**EXERCISE:** In the material below, pictures must be dropped. Repeat exactly, and only, the lines from the line with "Dù là ngày trong" to the line with "Uregulowania polskie 14", both ends included.

**EXTRACTED ENTRIES:**
━━━━━━━━━━━━━━━━━━━━

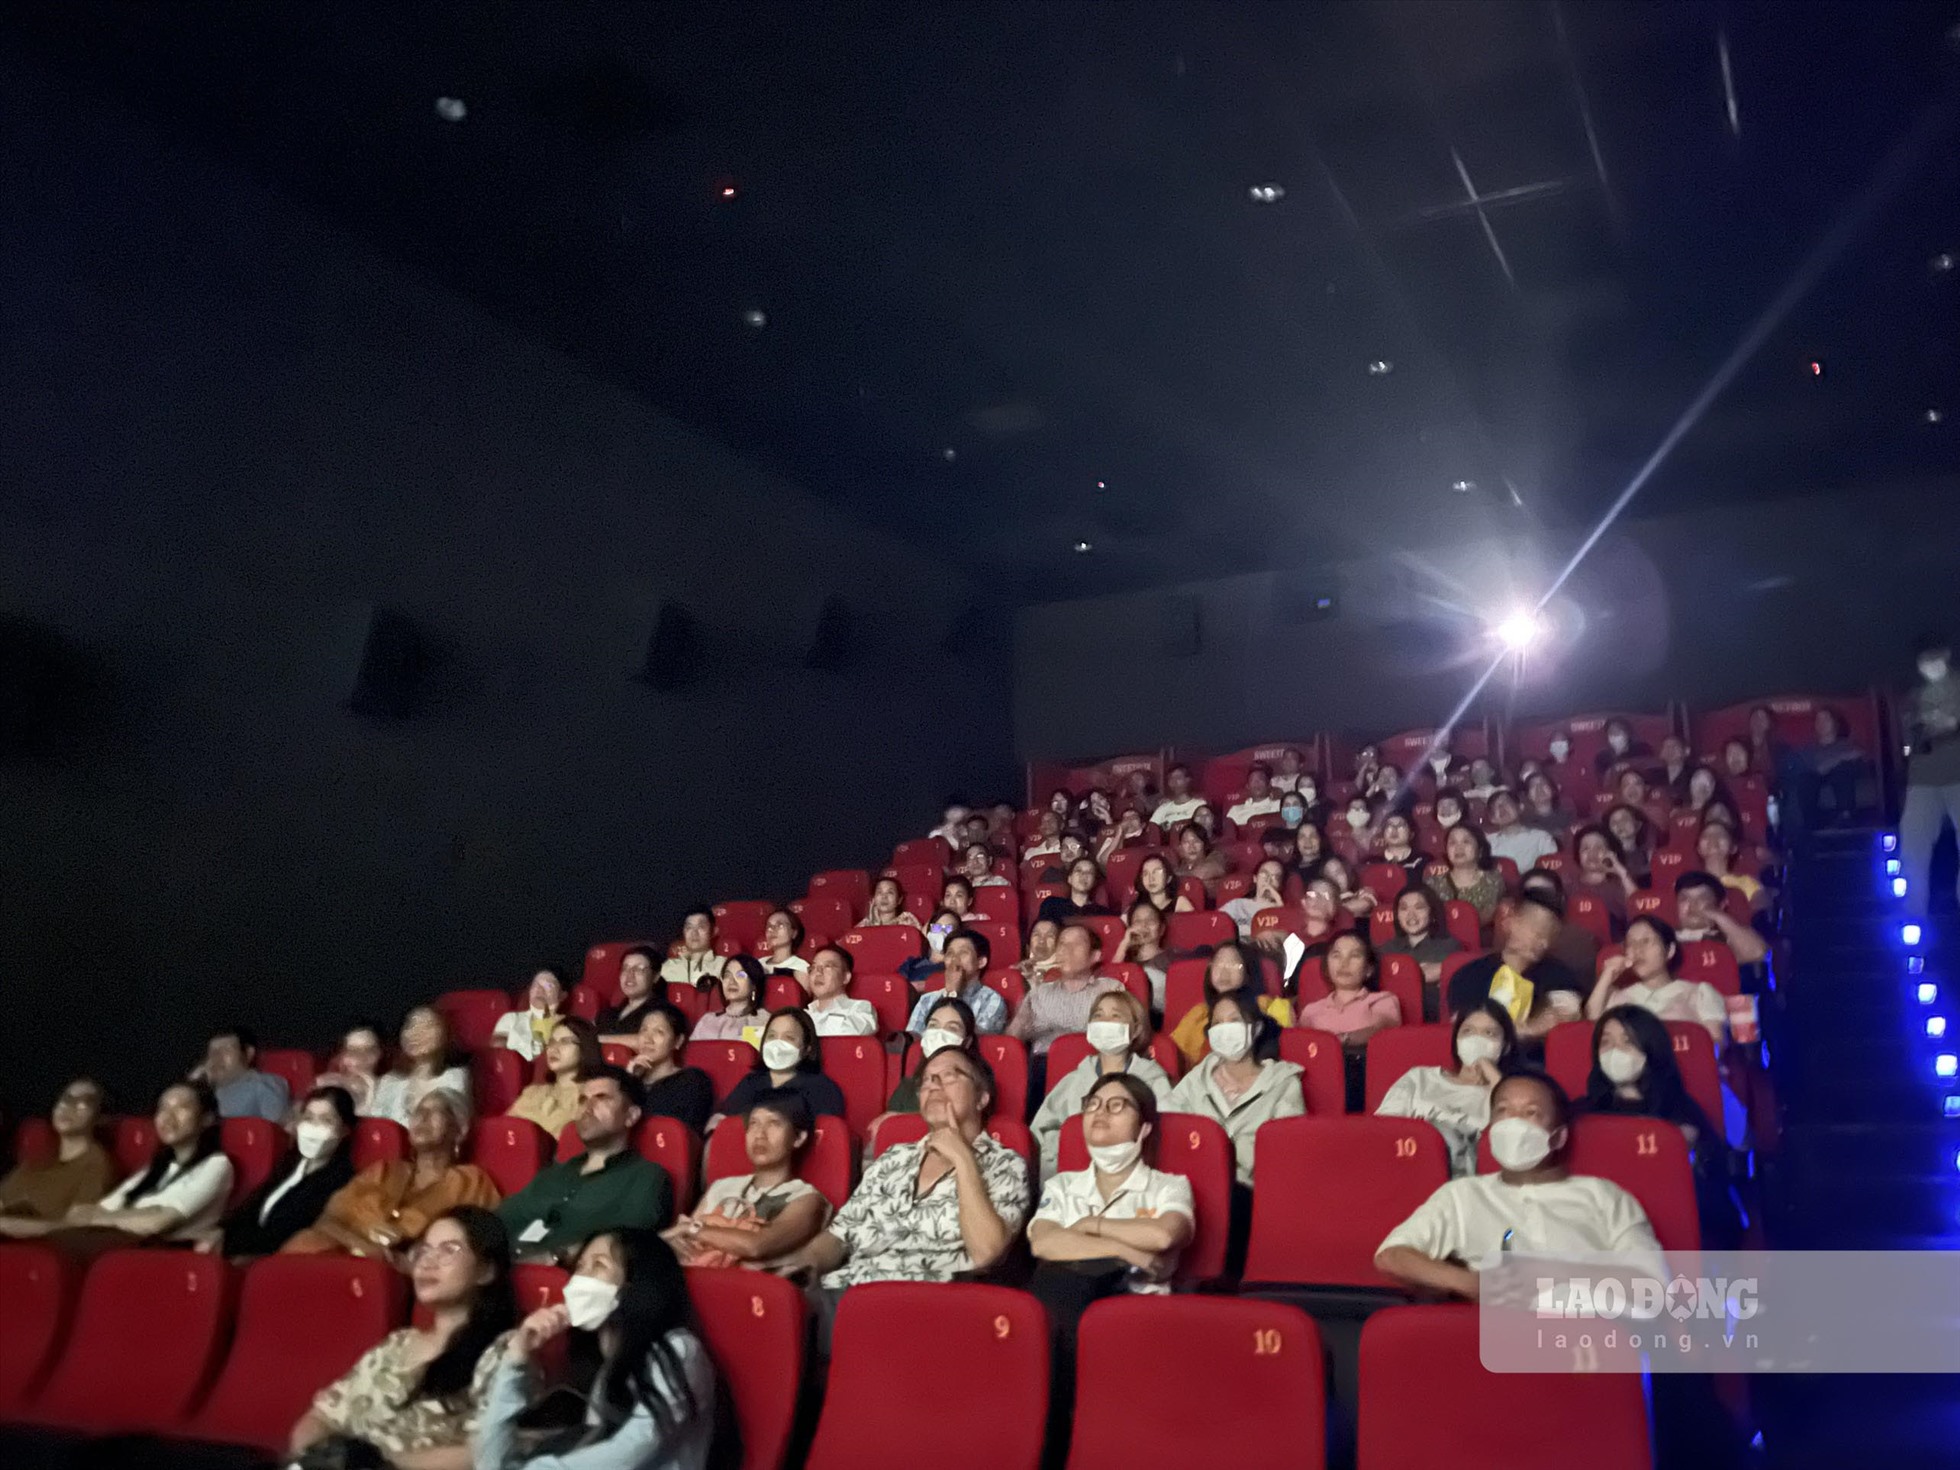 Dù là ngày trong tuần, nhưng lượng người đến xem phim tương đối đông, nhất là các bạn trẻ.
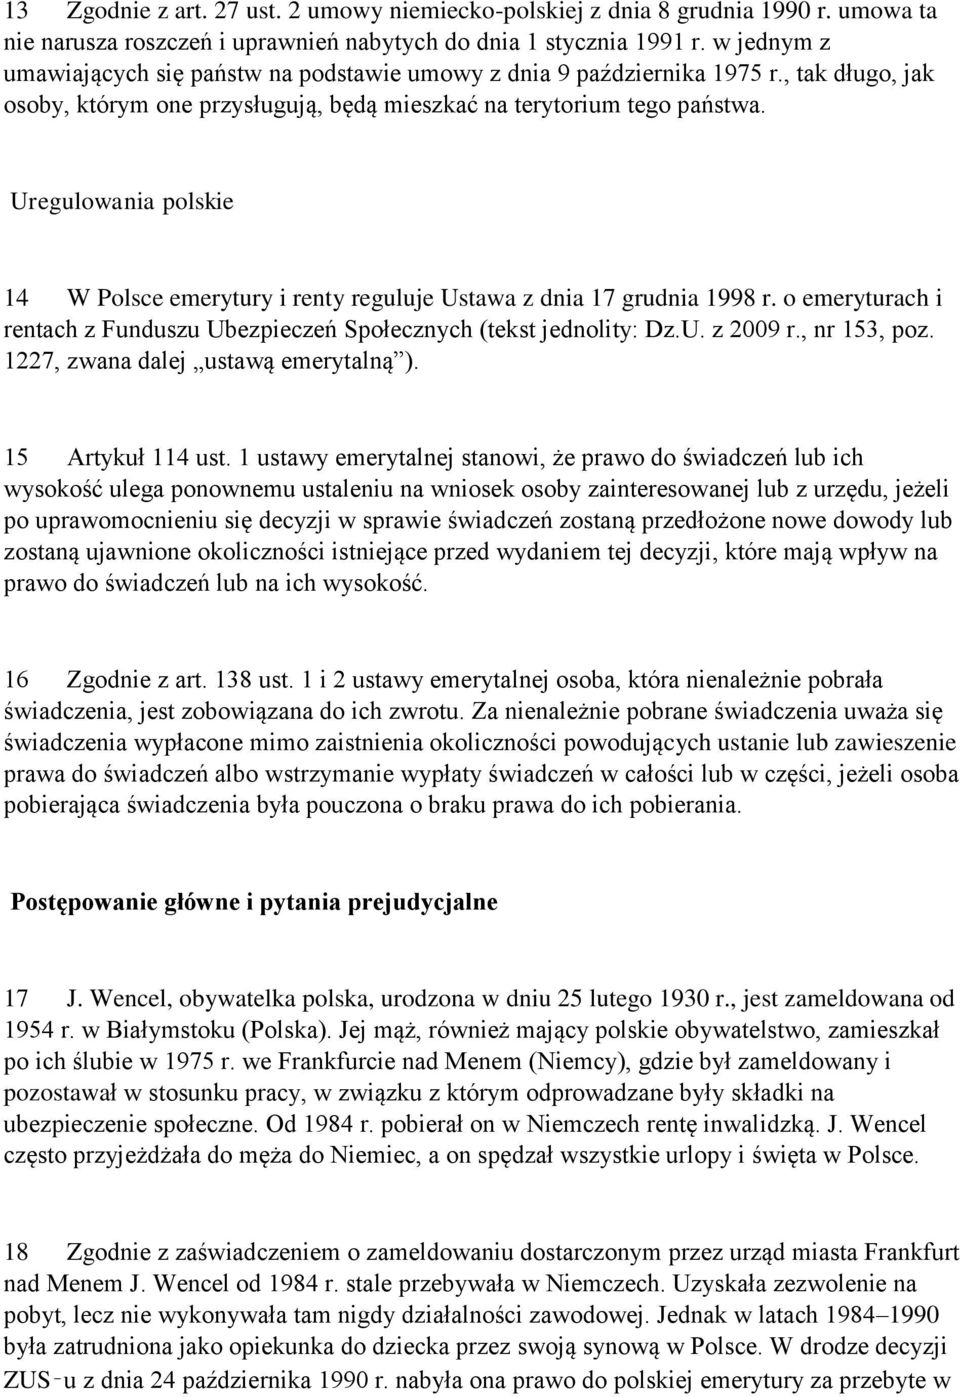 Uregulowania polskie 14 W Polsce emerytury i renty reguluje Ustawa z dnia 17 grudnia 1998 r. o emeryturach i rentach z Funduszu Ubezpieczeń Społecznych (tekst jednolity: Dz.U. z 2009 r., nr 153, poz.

━━━━━━━━━━━━━━━━━━━━

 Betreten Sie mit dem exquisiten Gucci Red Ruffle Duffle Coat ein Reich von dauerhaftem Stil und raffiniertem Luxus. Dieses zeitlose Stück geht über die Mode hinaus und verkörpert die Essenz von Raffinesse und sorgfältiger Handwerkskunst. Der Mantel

━━━━━━━━━━━━━━━━━━━━

**RESPONSE AREA:**
 Dù là ngày trong tuần, nhưng lượng người đến xem phim tương đối đông, nhất là các bạn trẻ.
 Uregulowania polskie 14 W Polsce emerytury i renty reguluje Ustawa z dnia 17 grudnia 1998 r. o emeryturach i rentach z Funduszu Ubezpieczeń Społecznych (tekst jednolity: Dz.U. z 2009 r., nr 153, poz.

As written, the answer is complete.